[Date Prev][Date Next][Thread Prev][Thread Next][Date Index][Thread Index]

[Condor-users] Dagman and databases



Dear All,

There are two nodes in my set up. 

I have a simple Dag of the form:
Job condor_script1 /path/condor_script1.sub
Script POST condor_script1 /path/data2db.py $RETURN $JOB

The dag will run perfectly on node1 if the executable in
condor_script1.sub does not try to connect to a postgres DB on node0.

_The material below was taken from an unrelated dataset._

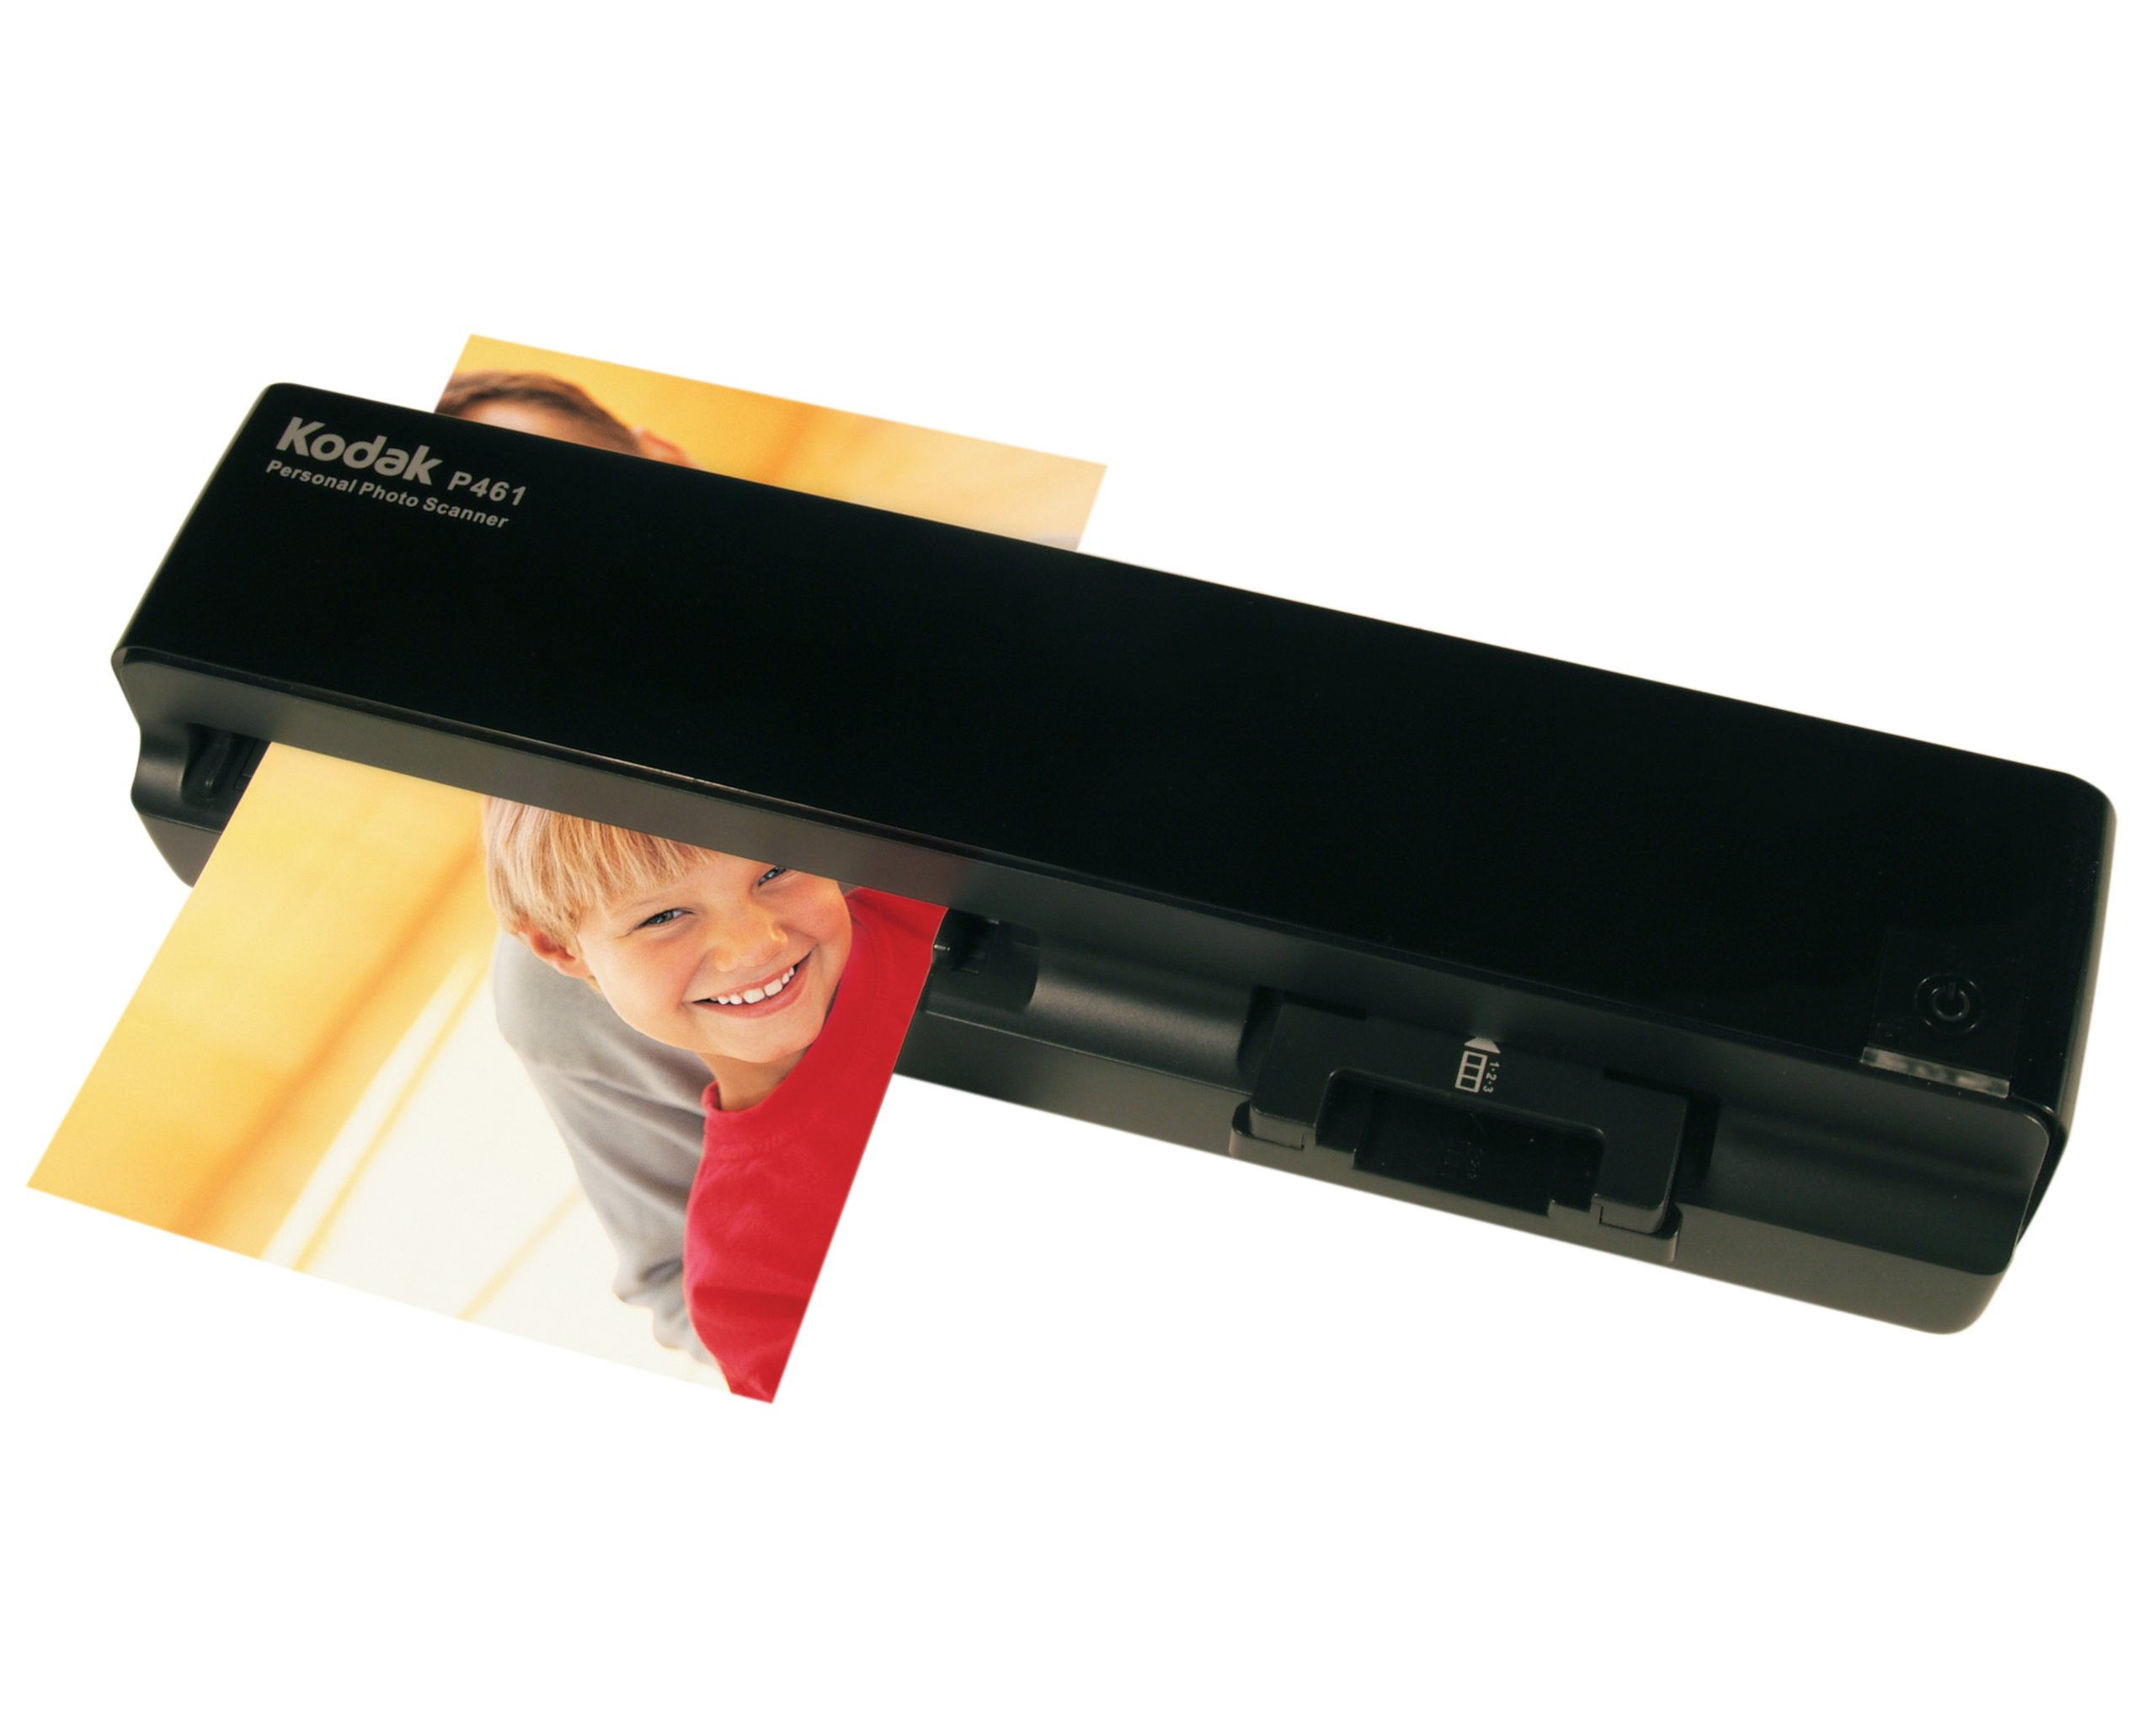 Kodak 4x6 P461 Personal Photo, Slide and Negative Scanner

When the executable connects to the DB, then 'condor_submit
condor_script1.sub' will run the job correctly. 

If I use the dag, the job can't run on node1. It will run on node0.

Since the job runs on using a simple submit but not a dag I think the
problem is condor related.

Note: I'm using the Debian package

Thanks for you help

Colin



The error messages I'm getting are:

StarterLog on Node0
 
******************************************************
10/28 15:20:04 ** condor_starter (CONDOR_STARTER) STARTING UP
10/28 15:20:04 ** /usr/sbin/condor_starter
10/28 15:20:04 ** $CondorVersion: 6.7.1 Aug 10 2004 $
10/28 15:20:04 ** $CondorPlatform: I386-LINUX_RH9 $
10/28 15:20:04 ** PID = 9988
10/28 15:20:04 ******************************************************
10/28 15:20:04 Using config file: /home/condor/condor_config
10/28 15:20:04 Using local config files:
/home/condor/hosts/b01/condor_config.local
10/28 15:20:04 DaemonCore: Command Socket at <X:36338>
10/28 15:20:04 Done setting resource limits
10/28 15:20:04 Communicating with shadow <X:47005>
10/28 15:20:04 Submitting machine is "basis.basis.prv"
10/28 15:20:04 Starting a VANILLA universe job with ID: 53.0
10/28 15:20:04 IWD: /var/lib/postgres/data/base/17149
10/28 15:20:04 Output file: /path/condor_script1.output
10/28 15:20:04 Error file: /path/condor_script1.error
10/28 15:20:04 About to exec /path/simulate -r 1 -n 5 -t 5.0
10/28 15:20:04 Create_Process: Cannot access specified cwd
"/var/lib/postgres/data/base/17149": errno = 2 (No such file or
directory)
10/28 15:20:04 ERROR "Create_Process(/path/simulate,condor_exec.exe -r 1
-n 5 -t 5.0, ...) failed" at line 403 in file os_proc.C
10/28 15:20:04 ShutdownFast all jobs.